If you have thrush, as well as using OTC treatments, there are also a number of other things that you can do to help ease the problem. These include:
washing your vaginal area using water - avoid using perfumed soaps, shower gels, vaginal deodorants, or douches,
avoiding using latex condoms, spermicidal creams, and lubricants, if they cause irritation,
avoiding wearing tight-fitting, synthetic clothes, and
wearing cotton underwear and loose-fitting clothes, where possible.

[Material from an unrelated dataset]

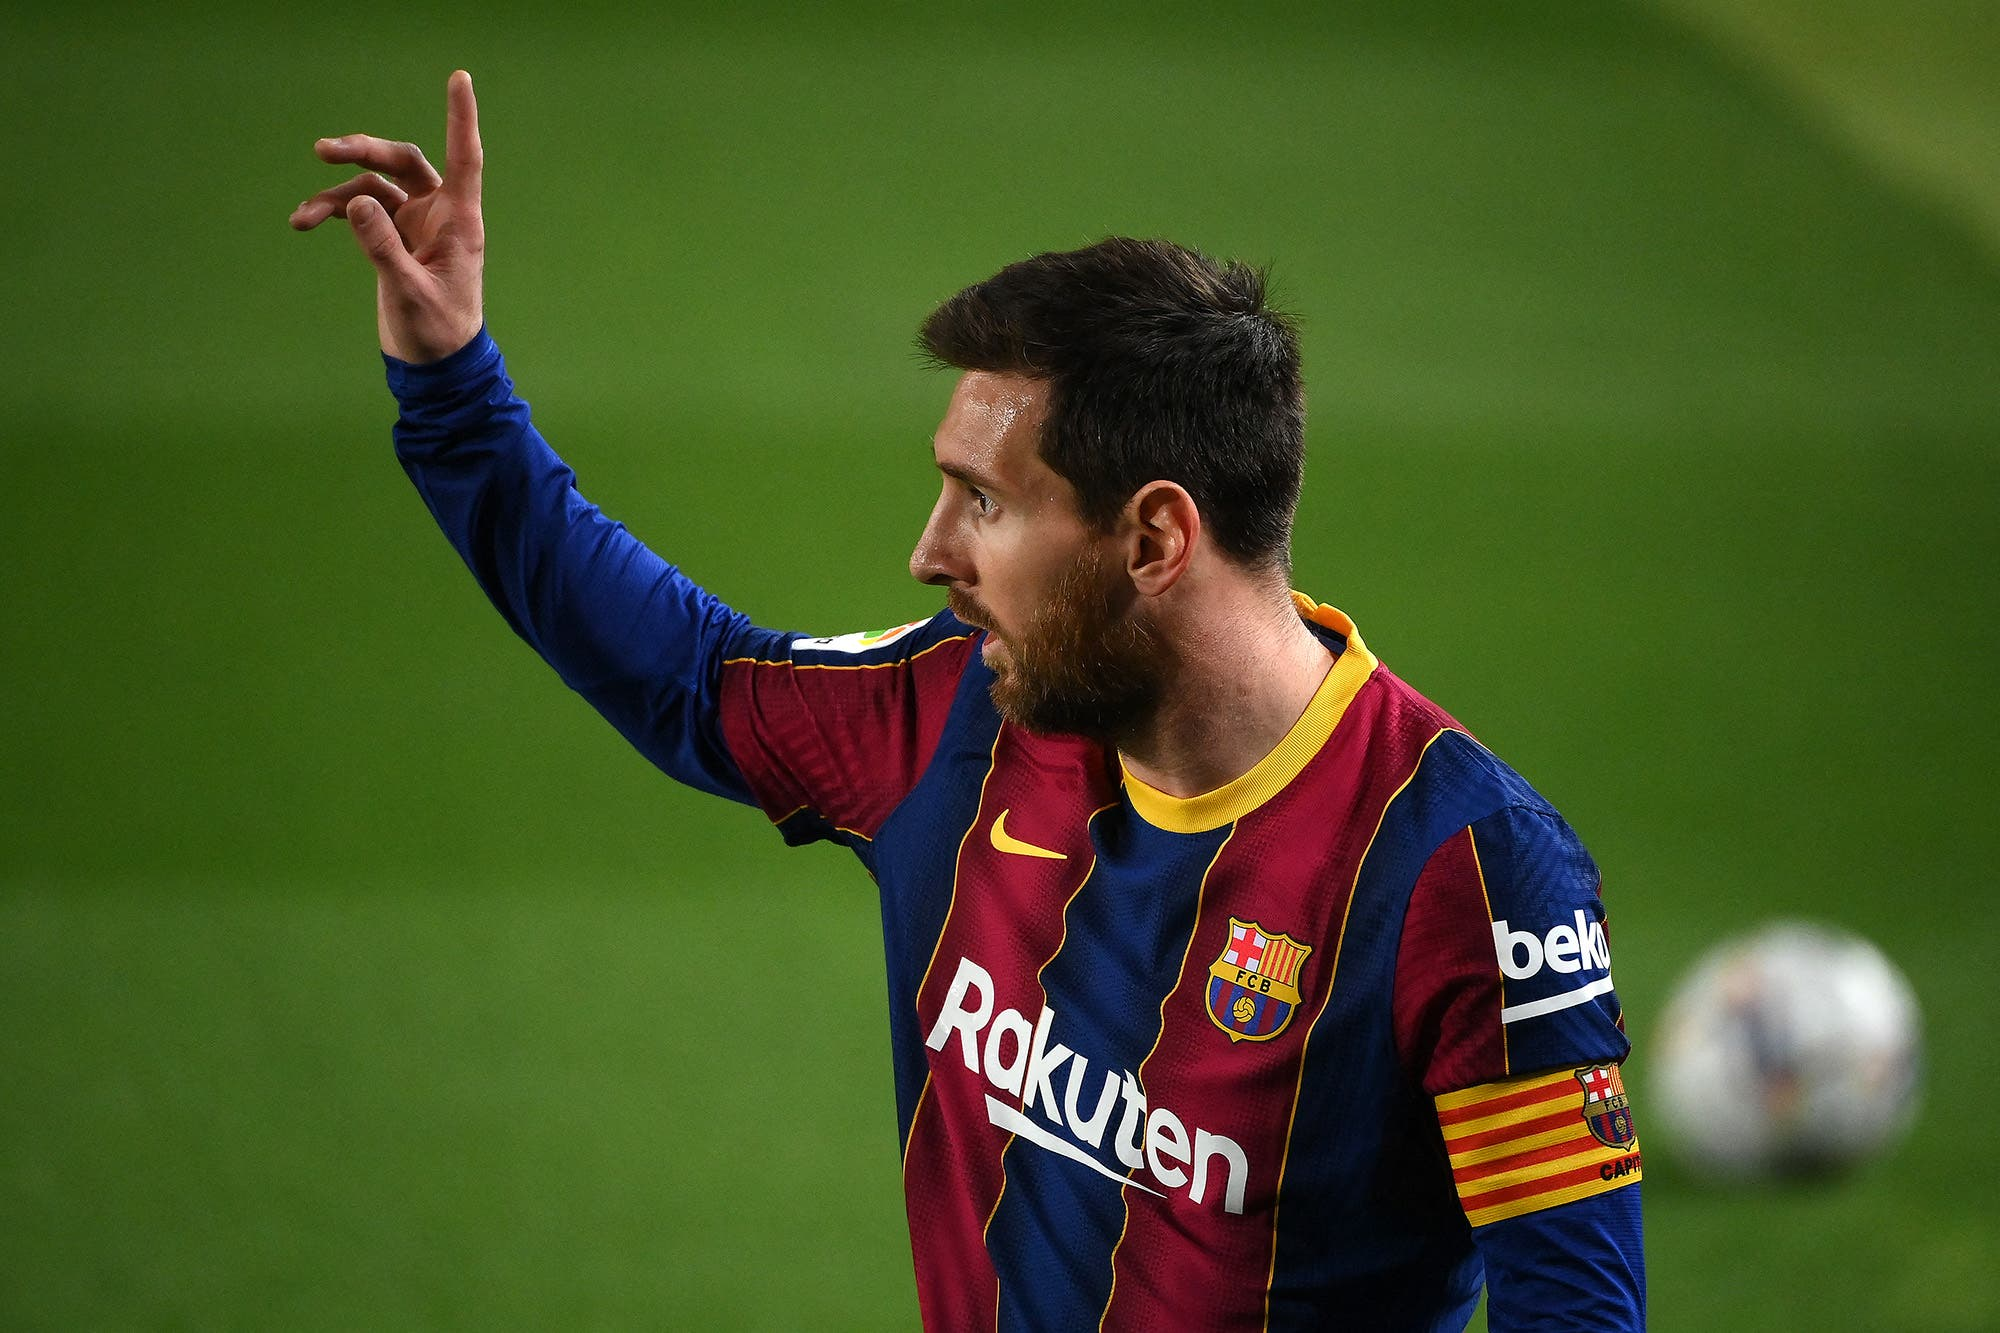 barcelona-sufre:-no-es-seguro-que-le-alcance-messi-para-ganar-un-titulo,-pero-sabe-que-sin-messi-es-imposible

You should always go back to see your doctor if the symptoms of thrush recur and:
you are under 16 or over the 60 years age,
you are pregnant,
you have abnormal menstrual bleeding, or lower abdominal ( stomach ) pain ,
your symptoms are different from a previous episode of thrush - for example, if the discharge is a different color, or if you have ulcers , or blisters,
you have had two cases of thrush within six months, and you have not consulted a healthcare professional for more than a year,
you, or your partner, have previously had a sexually transmitted infection (STD), or
you have reacted badly to an antifungal treatment in the past, or if they were ineffective.
Treating recurrent thrush
Recent studies have shown using a treatment strategy known as 'maintenance therapy' can significantly reduce the recurrence of thrush.
The studies found that using oral fluconazole on a weekly basis, or using either oral itraconzole, or intravaginal clotrimazole, on a monthly basis, were effective in preventing thrush from recurring.
The studies also found that the level of protection against thrush was reduced when these treatments were stopped.